While davening Shacharit (saying Morning Prayers), I started to feel light-headed again, and when I had finished I went back to bed, and apparently feel asleep for three hours (interrupted by my parents briefly saying goodbye on their way to a routine hospital appointment), until I was woken by the cleaner arriving at midday, shortly before my parents. I was rather disorientated and unsure whether they had come back home or not, which confused things further.

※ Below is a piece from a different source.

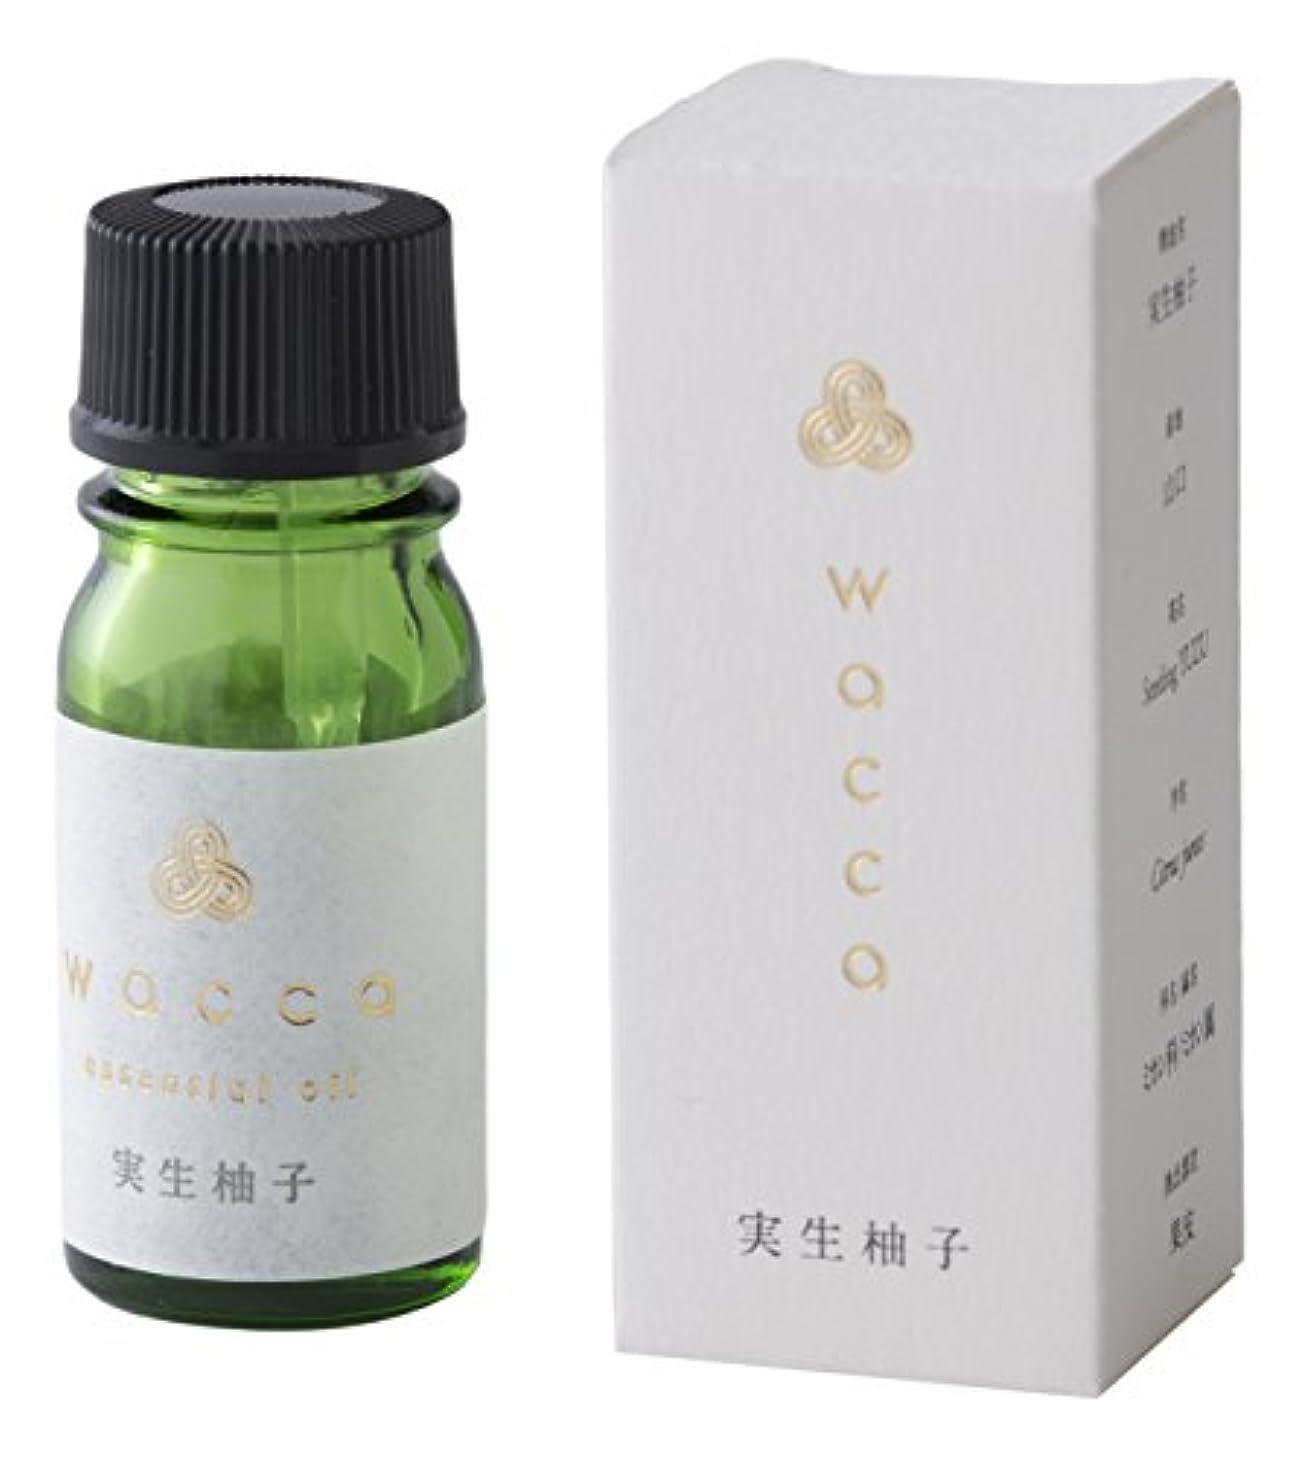 六月焦げブランドwacca ワッカ エッセンシャルオイル 3ml 実生柚子 ミショウユズ seedling yuzu essential oil 和精油 KUSU HANDMADE
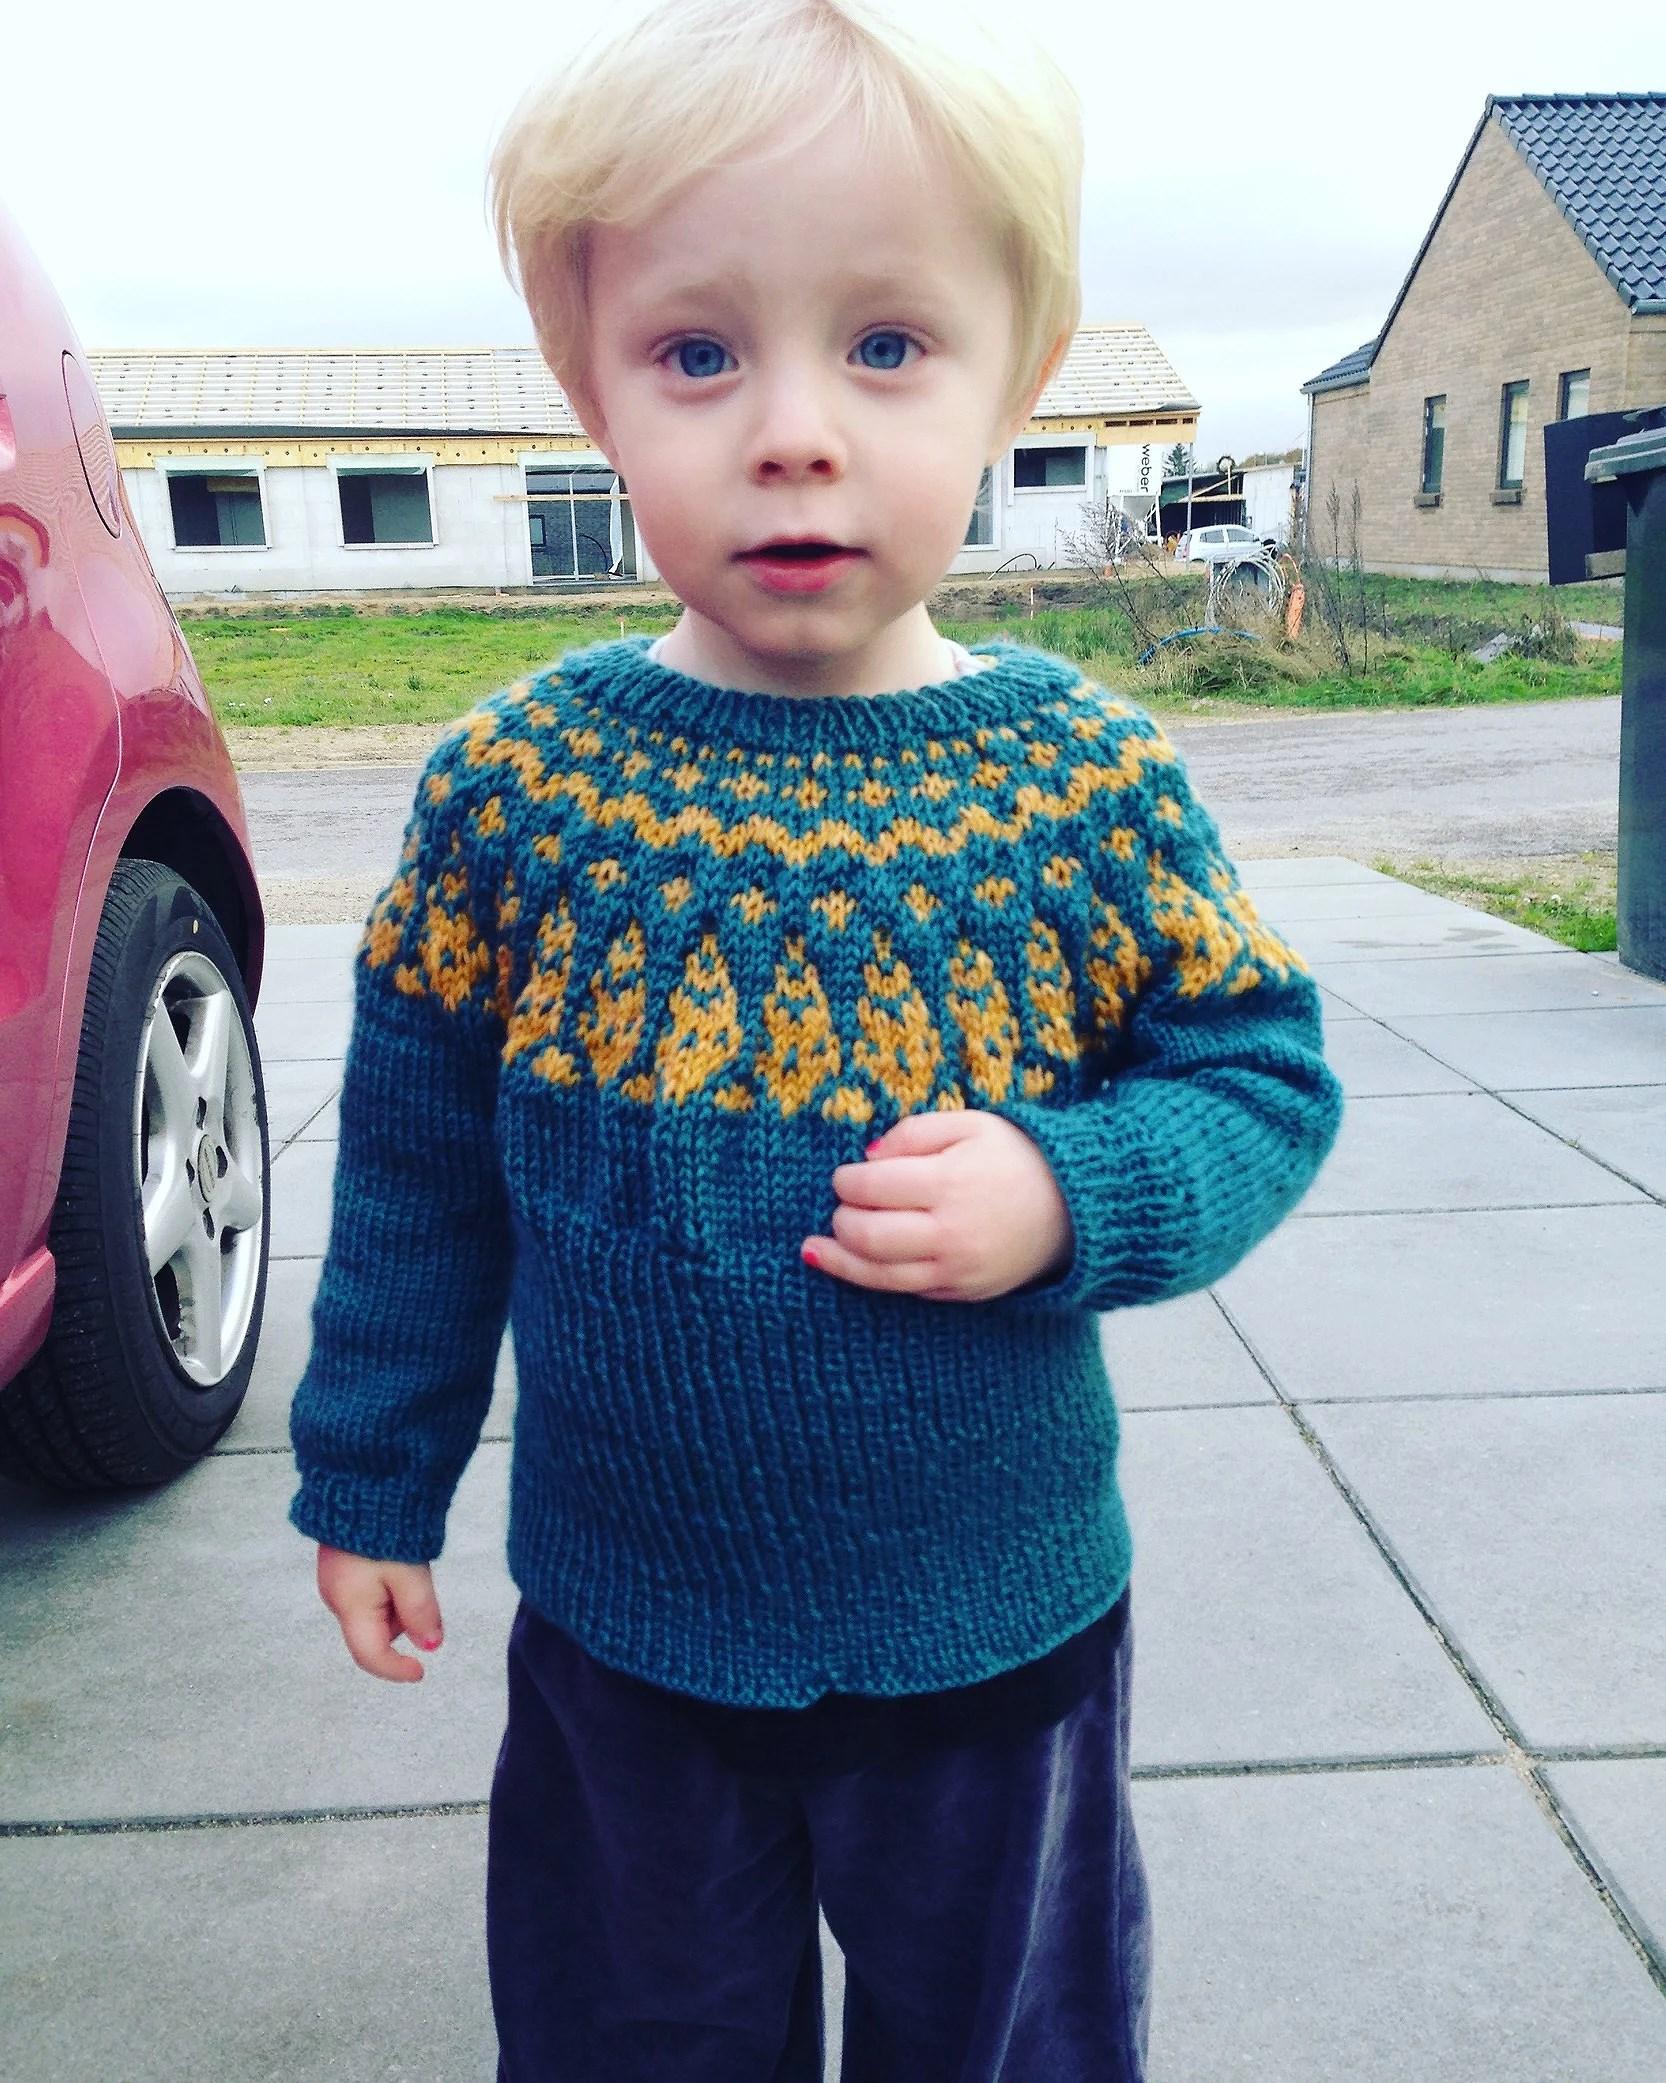 Drengen med de blå øjne

As this indicates, I’m still getting hot flushes, light-headedness and tremor (more frequent and severe than my occasional social anxiety tremor) periodically through the day. I’ve gone back to thinking it’s a medication change side-effect, but who really knows at this stage? I feel rather confused and vaguely concerned.
***
In terms of activity, I managed a half-hour walk, an hour and a half of work on my novel and an hour or so of Torah study, as well as watching a film (Zootropolis) simultaneously with PIMOJ and then having a WhatsApp call afterwards.
***
Life can be an endless stream of self-doubt if you don’t have good self-esteem. I was worrying today if my divrei Torah (Torah thoughts) have declined in quality lately. No one has said that, but then I haven’t had much praise for them either. I suppose most people don’t give me any feedback at all and I wonder what they think or if they are even still reading.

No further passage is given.